The close of June marked the 10th anniversary of the official end of the Great Recession and the longest economic expansion on record.
The expansion is defying predictions of an economic downturn, as June employment data released Friday by the U.S. Department of Labor also exceeded predictions.
Nonfarm employers added 224,000 jobs in June, according to the department, exceeding economists’ predictions of roughly 165,000.
A report released by ADP and Moody’s Analytics earlier this week projected private payroll growth of about 102,000, well below the 191,000 reported by the Department of Labor.
Professional and business services added 51,000 jobs; health care added 35,000; government added 33,000; transportation and warehousing added 24,000; construction added 21,000 and manufacturing added 17,000 jobs in June, the most since January.
“Today’s jobs report shows the U.S. economy continues to create jobs at a strong pace even as we enter the longest period of economic expansion on record,” Tony Bedikian, head of global markets at Citizens Bank, told CNBC.
Unemployment remains near a five-decade low at 3.7 percent, with the total labor force growing by 335,000 workers to just under 163 million.
The underemployed rate of 7.2 percent is closest to its lowest level reported since early 2001, with the labor force participation rate increasing by one-tenth to 62.9 percent, its best since March.
The number of those counted who are not in the labor force fell by 158,000 to 96.1 million.
“JOBS! JOBS! JOBS!” President Donald Trump tweeted after the Friday report’s release. Trump has credited the booming economy in part on the 2017 Tax Cuts and Jobs Act which lowered taxes for most Americans.

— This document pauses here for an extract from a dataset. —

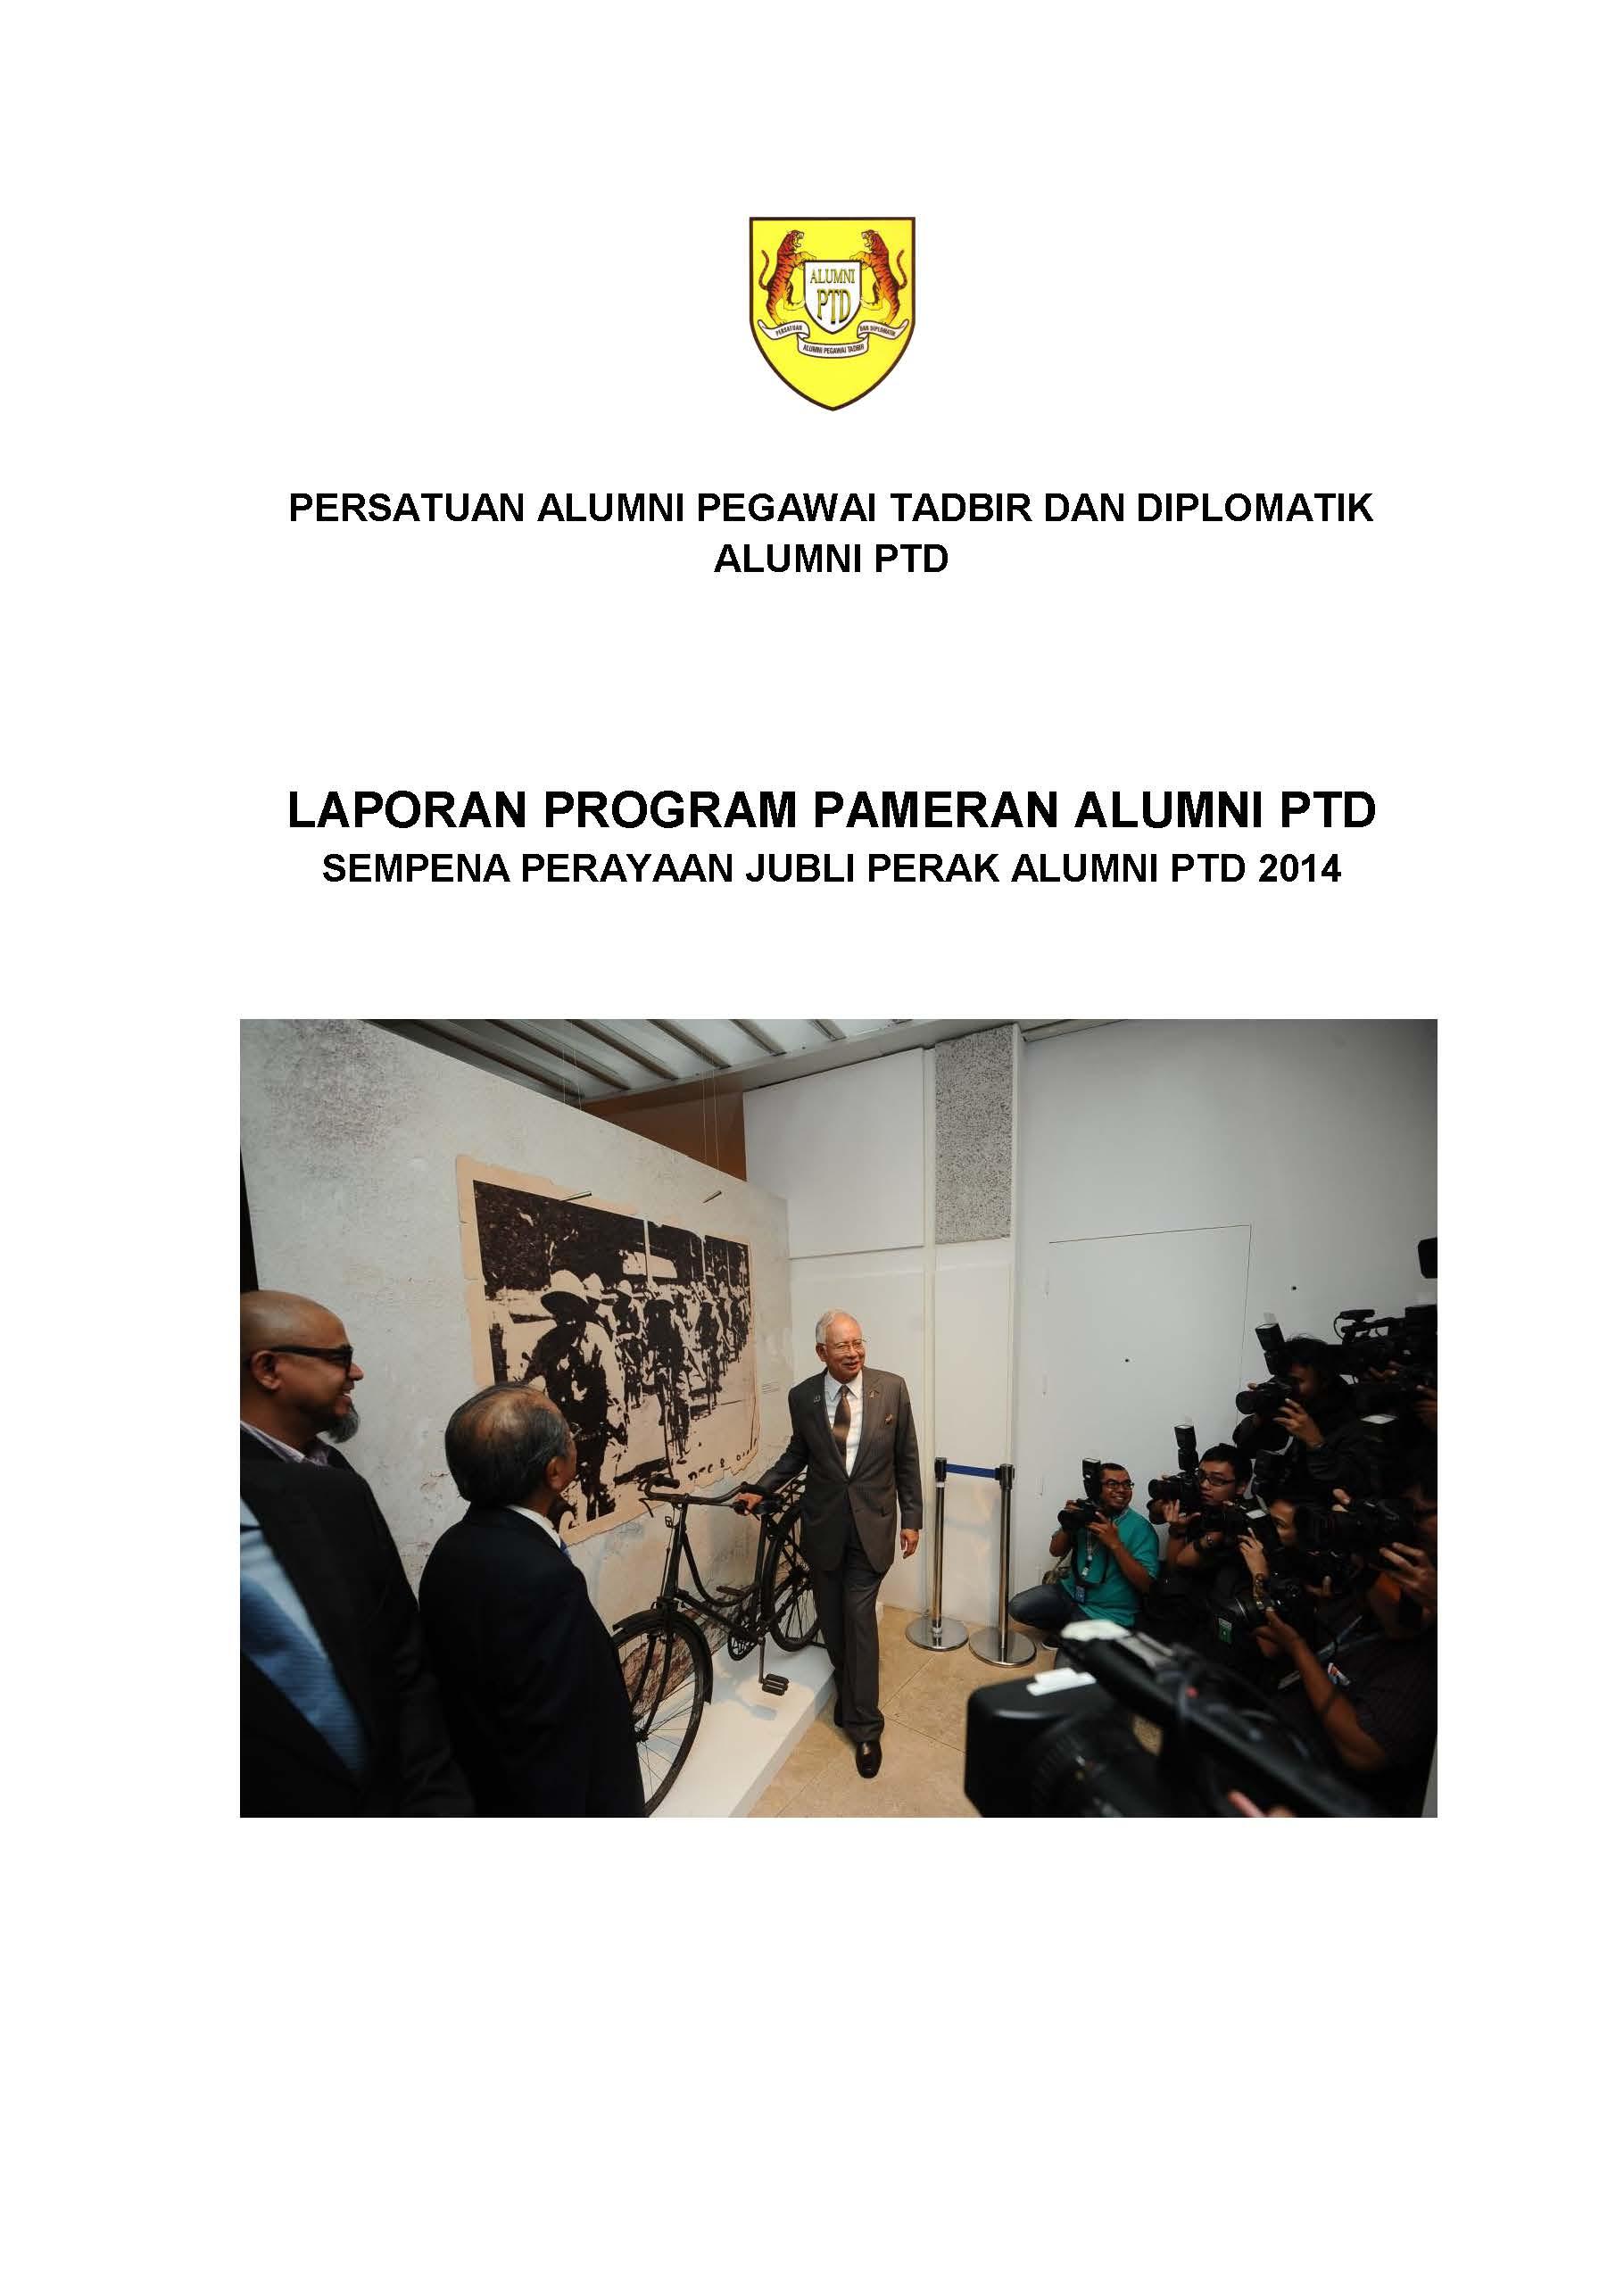 2014 Laporan Pameran Alumni PTD

Average earnings also increased by 6 cents an hour since May, and increased by 3.1 percent overall all within the last year.

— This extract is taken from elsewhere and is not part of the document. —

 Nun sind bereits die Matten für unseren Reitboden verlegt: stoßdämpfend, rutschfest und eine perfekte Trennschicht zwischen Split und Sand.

The average workweek remained unchanged at 34.4 hours.
Despite fears over trade war rhetoric, June’s job gains were stronger than economist predictions and larger than May’s tepid numbers.
Employers have added jobs for a record 105 consecutive months, averaging 171,000 jobs per month over the past three months.
The stock market rallied after G-20 negotiations ended with the U.S. and China promising no additional tariffs.
In July 2019, the Dow Jones Industrial Average reached an all time high of 26,966.
Before the July 4 holiday, the S&P 500 Index increased 0.8 percent, hitting the highest on record with its fifth consecutive advance. The Nasdaq indexes also rose past closing records set in early May.
Ryan Detrick, senior market strategist for LPL Financial, told Bloomberg News, “The bottom line is the dual benefit of both fiscal and monetary policy should help extend this business cycle potentially much longer than many expect.”